> [SUPPLIED DATA]:

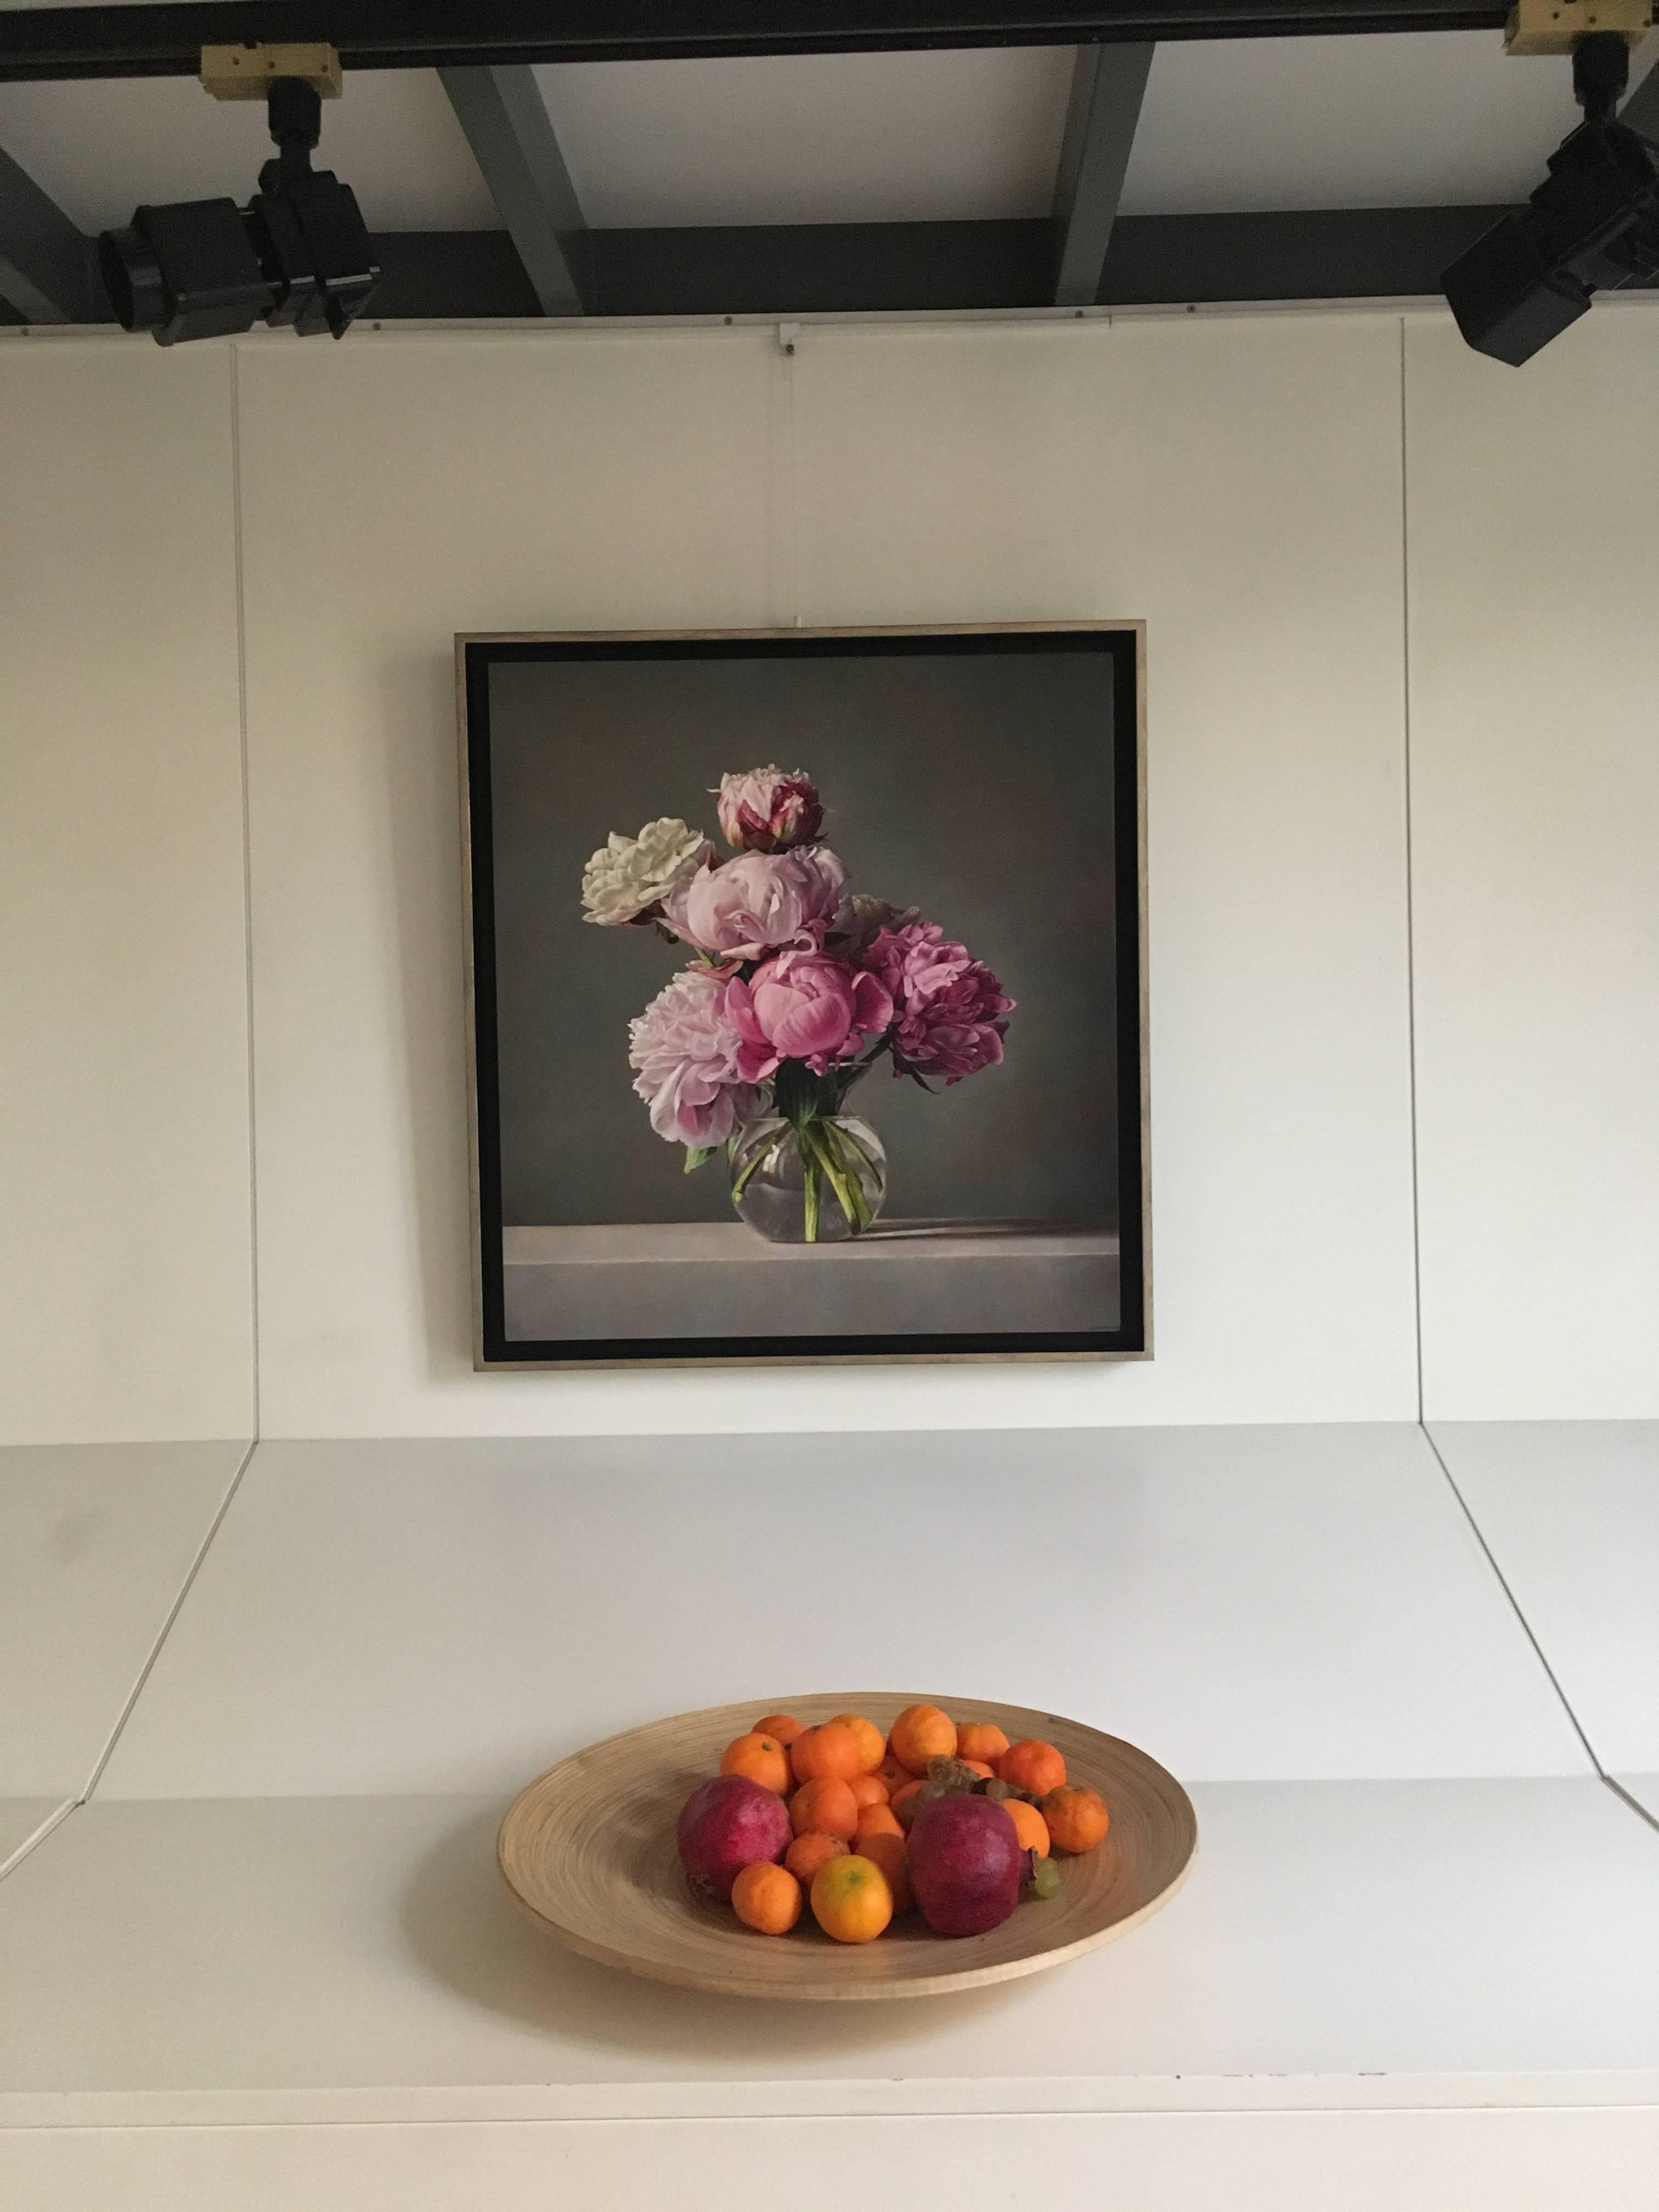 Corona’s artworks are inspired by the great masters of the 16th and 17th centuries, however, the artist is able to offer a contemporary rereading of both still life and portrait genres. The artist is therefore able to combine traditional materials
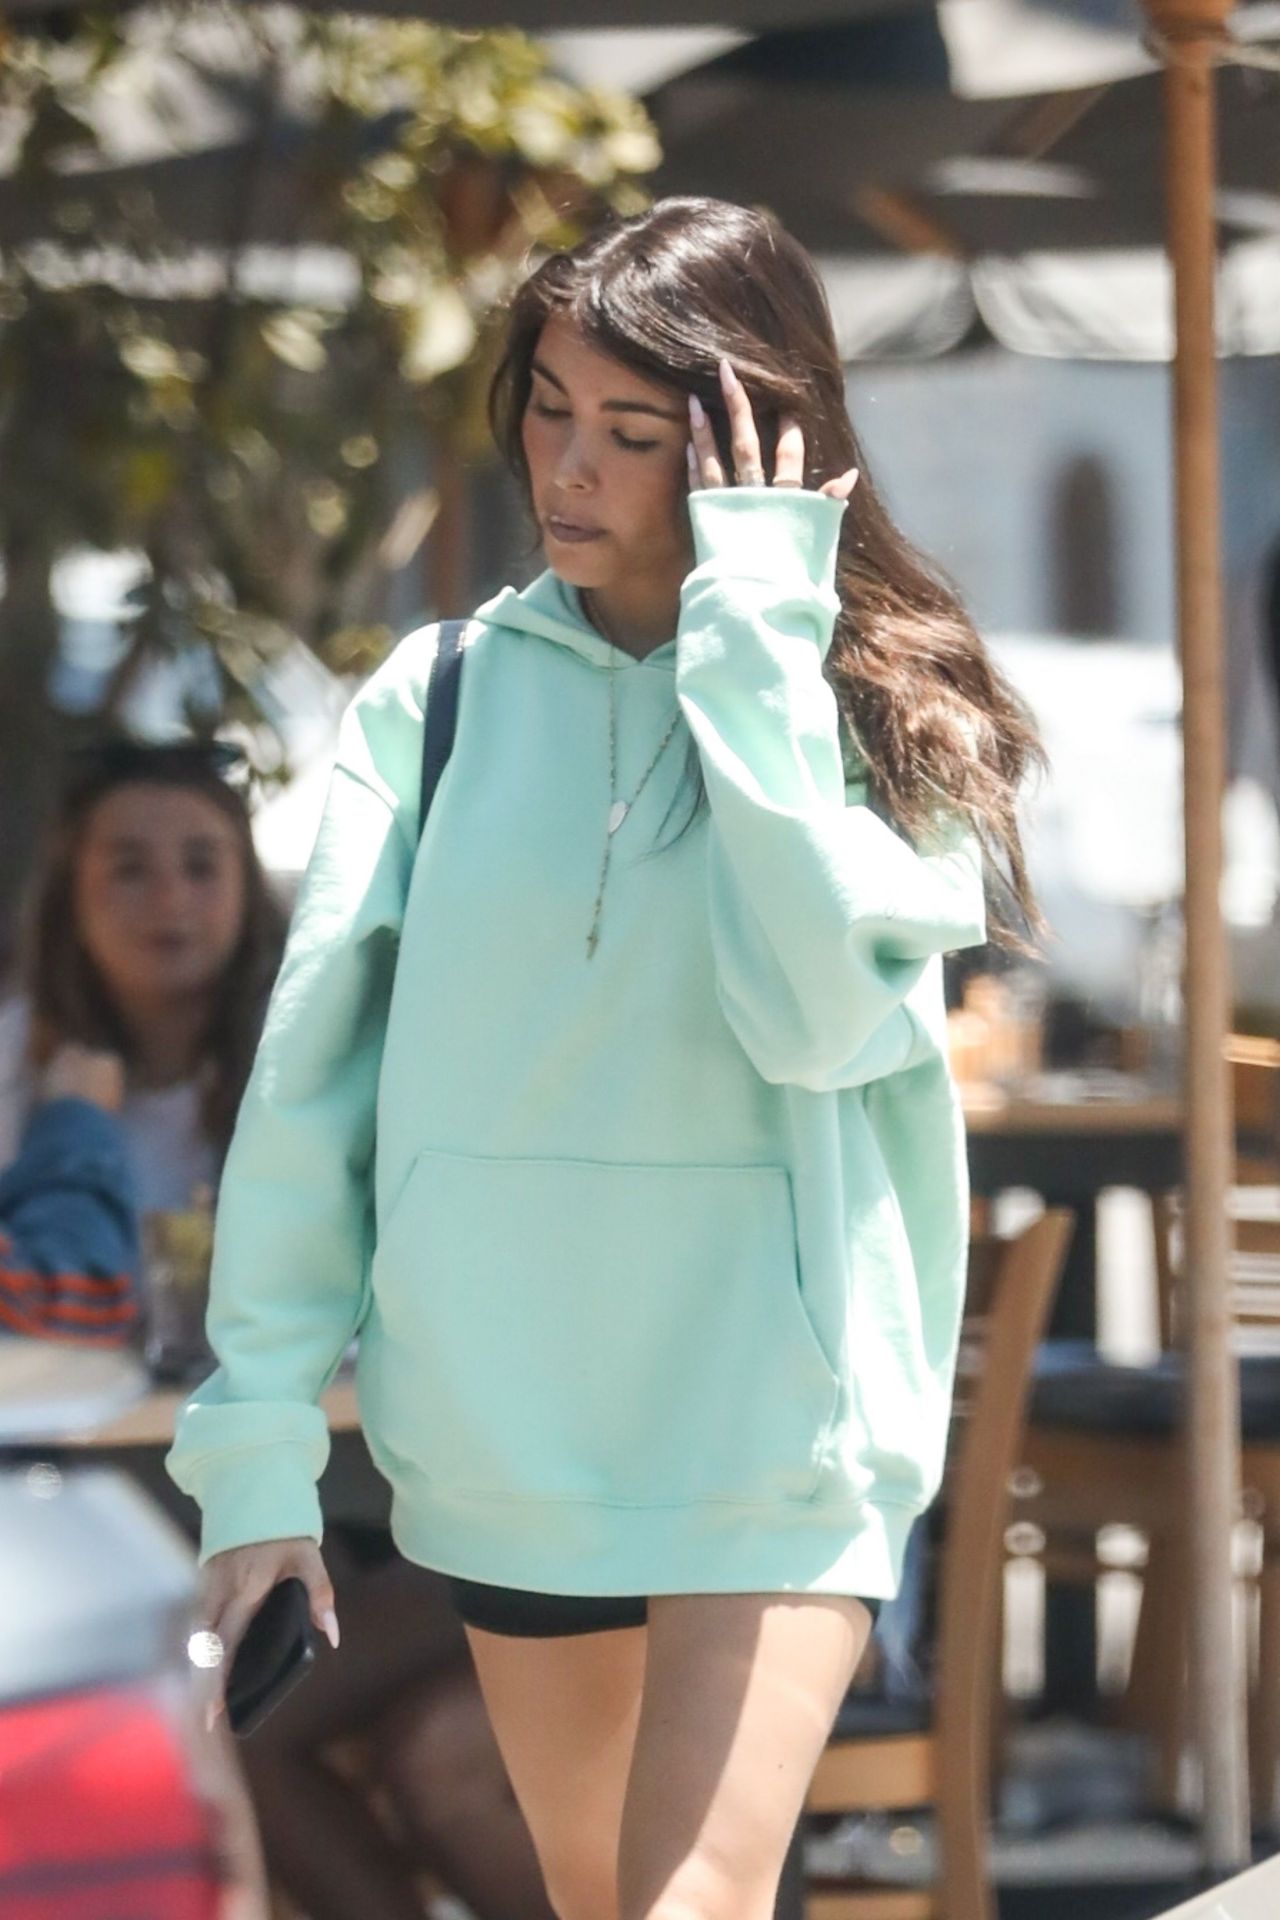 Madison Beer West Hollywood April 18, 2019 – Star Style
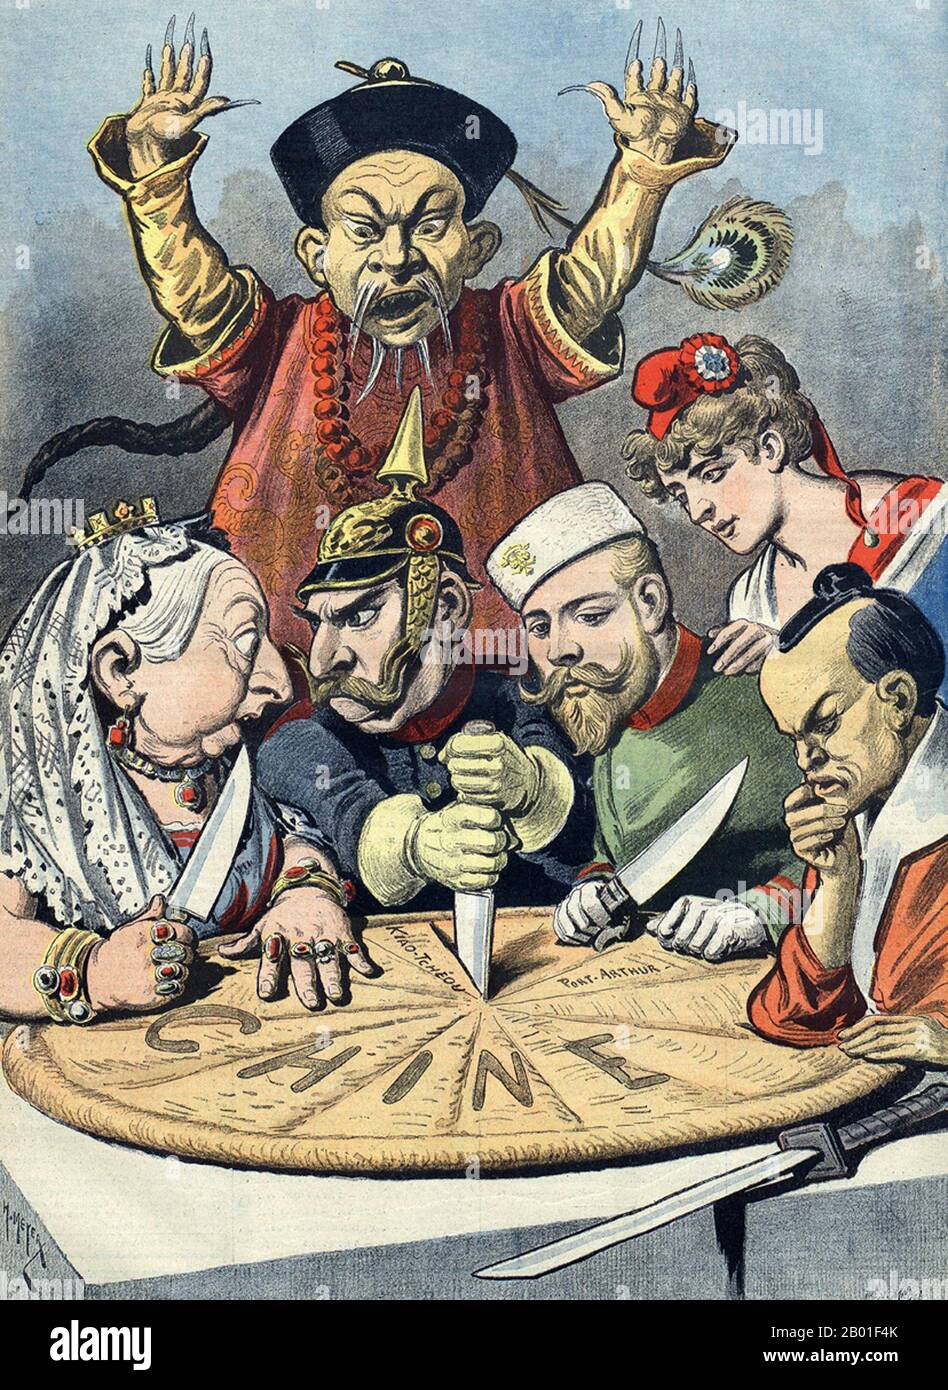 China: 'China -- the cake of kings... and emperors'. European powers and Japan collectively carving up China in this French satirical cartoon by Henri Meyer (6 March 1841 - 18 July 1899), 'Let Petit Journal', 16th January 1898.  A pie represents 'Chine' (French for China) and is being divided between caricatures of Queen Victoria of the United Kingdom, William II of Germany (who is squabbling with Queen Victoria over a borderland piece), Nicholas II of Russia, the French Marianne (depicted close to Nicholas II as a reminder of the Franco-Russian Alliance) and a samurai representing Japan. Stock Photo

> [TASK INSTRUCTIONS]: Word for word, restate every line of the listing, omitting the pictures.

> [WORKED SOLUTION]:
 Corona’s artworks are inspired by the great masters of the 16th and 17th centuries, however, the artist is able to offer a contemporary rereading of both still life and portrait genres. The artist is therefore able to combine traditional materials
 Madison Beer West Hollywood April 18, 2019 – Star Style
 China: 'China -- the cake of kings... and emperors'. European powers and Japan collectively carving up China in this French satirical cartoon by Henri Meyer (6 March 1841 - 18 July 1899), 'Let Petit Journal', 16th January 1898.  A pie represents 'Chine' (French for China) and is being divided between caricatures of Queen Victoria of the United Kingdom, William II of Germany (who is squabbling with Queen Victoria over a borderland piece), Nicholas II of Russia, the French Marianne (depicted close to Nicholas II as a reminder of the Franco-Russian Alliance) and a samurai representing Japan. Stock Photo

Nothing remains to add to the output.